One other question. Any reason the PH in my 10G should have jumped from 7.2 to 7.8? The other day, I put some granite I had and some substrate from my old tank in the 10G. I also put my extra filter from my 20G in my 10G. It then cycled overnight and I tested the PH today and it was really 7.8. What caused this jump? I did some research and was certain that granite would not do anything to my aquarium since it is an inert rock.

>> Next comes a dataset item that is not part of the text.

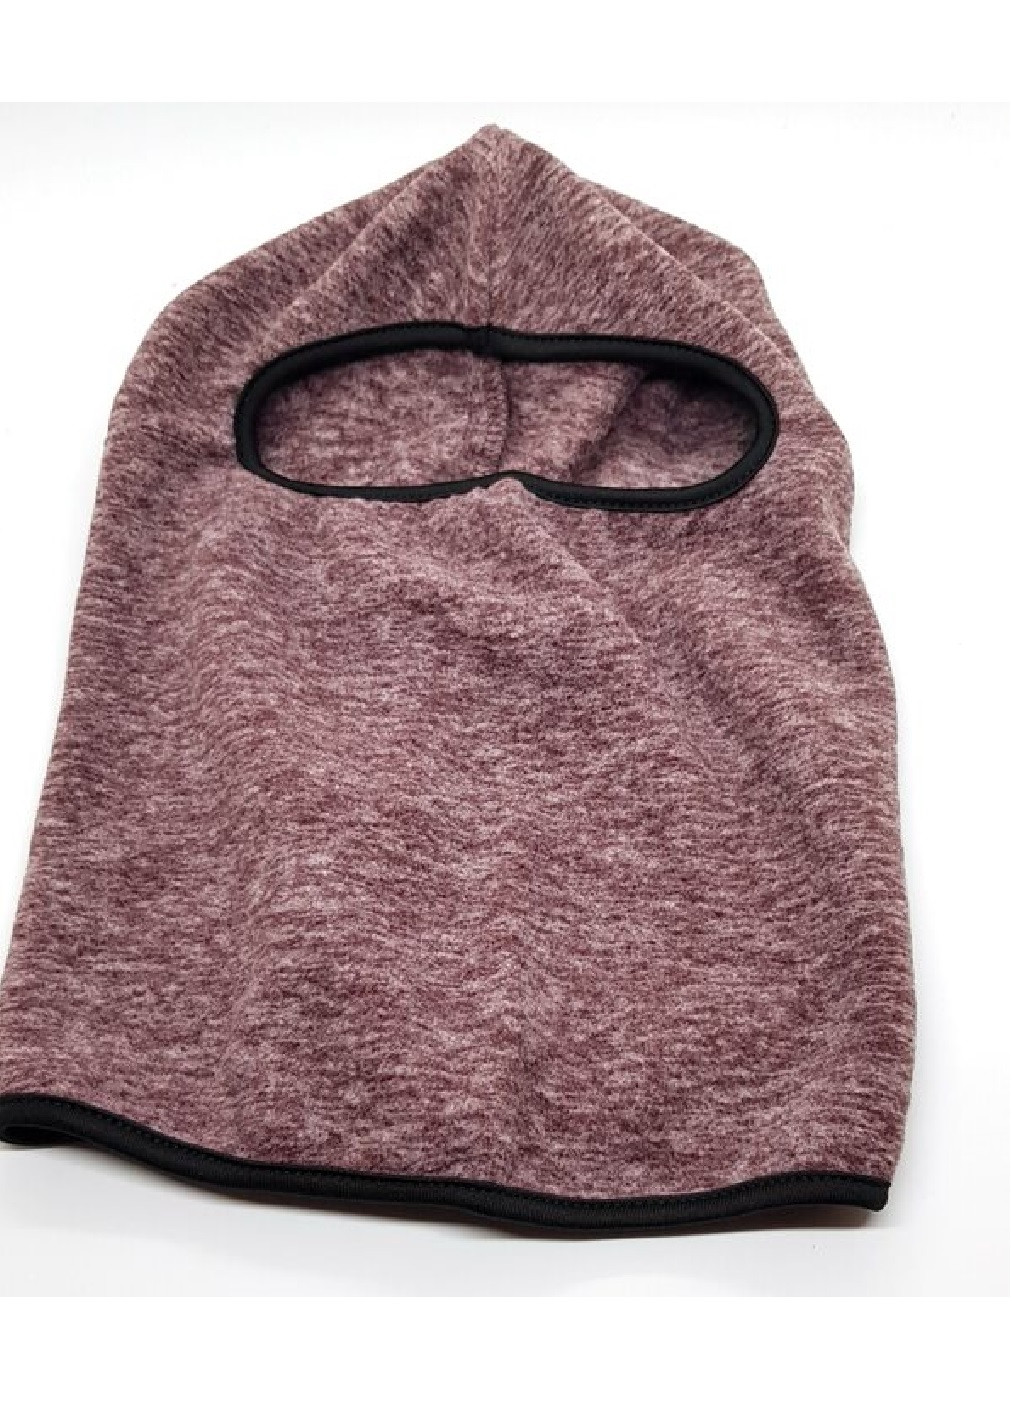 Unbranded утепленная маска флисовая балаклава зимний бафф шарф подшлемник шапка (474025-prob) коричневая однотонный коричневый повседневный флис производство -
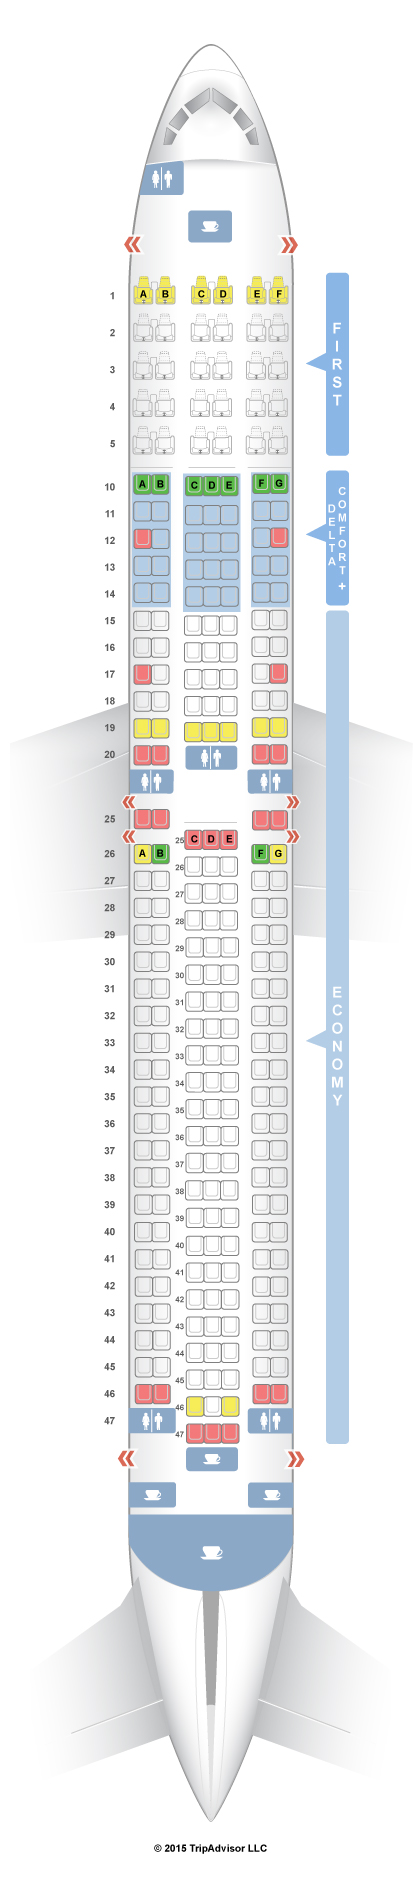 Lan 767 Seating Chart

I dont have a test kit for hardness though.


----------



## Toshogu (Apr 24, 2009)

Seems Coryadoras doesn't bother eggs much so long as they are up high


----------



## bmlbytes (Aug 1, 2009)

Thanks tosh.

Forget the PH thing. I tested our tap water. The PH must have recently gone up a lot in our tap because it is 7.8 also (used to be 7.2).


----------



## humdedum (Feb 18, 2009)

White Cloud Mountain Minnows apparently don't eat their eggs or their fry.


----------



## lohachata (Jan 27, 2006)

sorry guys ; but.........corydoras will eat eggs no matter where they are.... 
and white clouds will eat their eggs and their fry....how do i know this?????
because i am breeding both of these rascals and have watched them do it on numerous occasions...
when breeding ; the less you disturb the tank ; the better...
i also kind of feel that if you cannot or will not set up properly for breeding ; then don't worry about not getting any offspring... the basic idea is accommodating the needs of the fish and not the fishkeeper....humans often make the mistake of thinking they are the ones that know what the fish should do to breed...(boy ; have i done that a few times..lol)
another good thing to do with breeding egg scatterers is to make a carpet of java moss on the bottom of the tank... not only will it provide refuge for the eggs and fry ; but it will also provide food for fry....


----------



## bmlbytes (Aug 1, 2009)

ive been trying to find java moss locally, but no one has it. I will probably order some.


----------



## emc7 (Jul 23, 2005)

What about apple snails? Can I put them in with small fry to clean up uneaten food?


----------